Pre-pull-request performance tests and documentation.
This week I am getting ready to make a pull request for my lazy loading features. While I will continue to commit small fixes and features I am not going to be developing at the fast pace of the GSoC from this point forward. For those interested in trying my lazy loading branch, it can be found on my Github.
While the lazy loading classes and source files are documented, a good place to start on learning the relatively simple usage pattern is with the tutorial file. I have temporarily posted just the sections written for lazy loading at this Dropbox public link.

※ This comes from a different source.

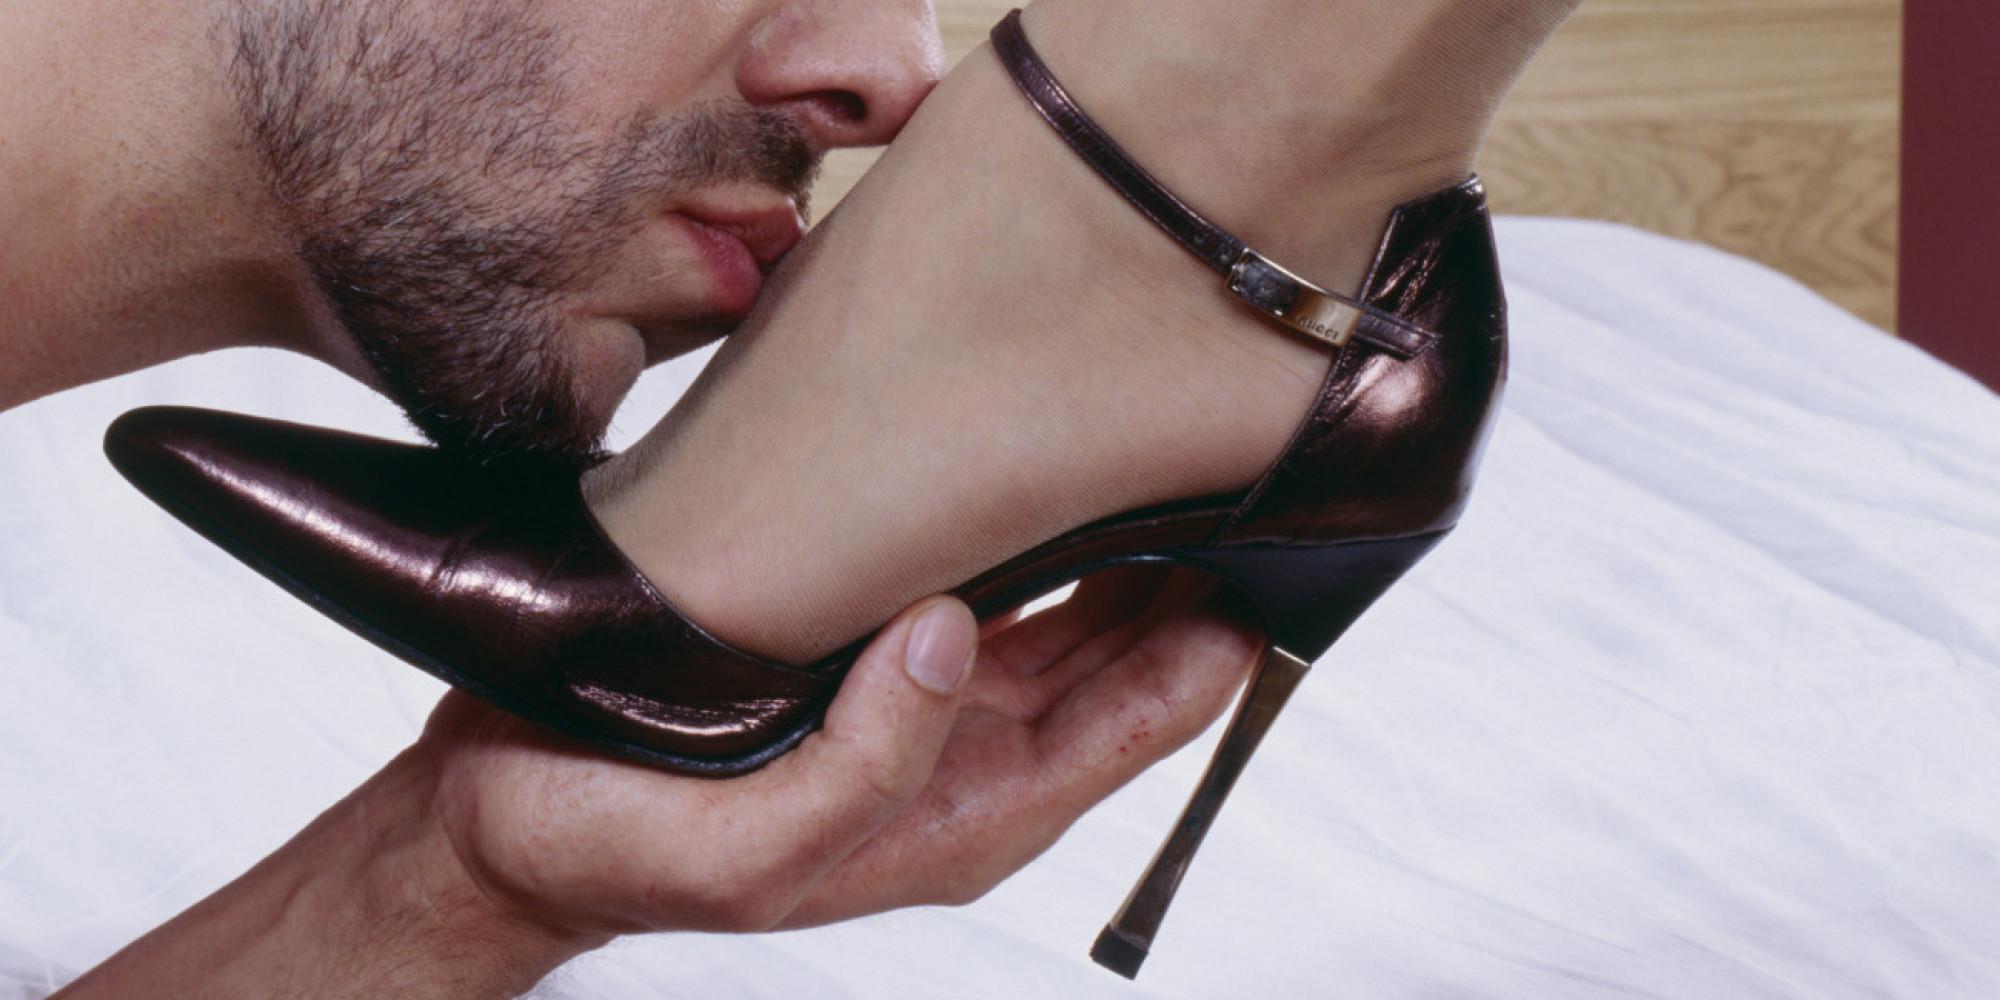 Сайт любителей целовать женские ноги, смотреть порно онлайн трахнули в кинотеатре

I have done a performance evaluation by using
SeqIO.index_dbwith and without the lazy loading parser on several large data files. The data was produced using my recently updated performance testing script available in this gist. My results are summarized in the graphs below.
Each column should be taken as an atomic operation, not a step in a cumulative process. Thus the column "read seq" answer the question, "how long does it take to parse a file in order to read the sequence?" The column "read 5% features" answers how long it would take to read features corresponding to the 5 percent of the sequence length. The rest of the columns should be easy enough to figure out. Other than the indexing operation, all times are from operations using a preexisting index.
Notice that the current parser runs at constant time for all operations since initializing the record necessarily parses all of the record. Conversely, initializing the lazy parser merely adds a pointer to the bulk of the information and is very fast. For accessing only the features or only the sequence there are significant time savings but the biggest performance improvement comes when accessing fractional sequences since read times now are a function of the size of the requested data rather than of the record size. All three plots are for the genbank format, this format was used because it represents a general worst case scenario for any parser due to the complexity and size of the records.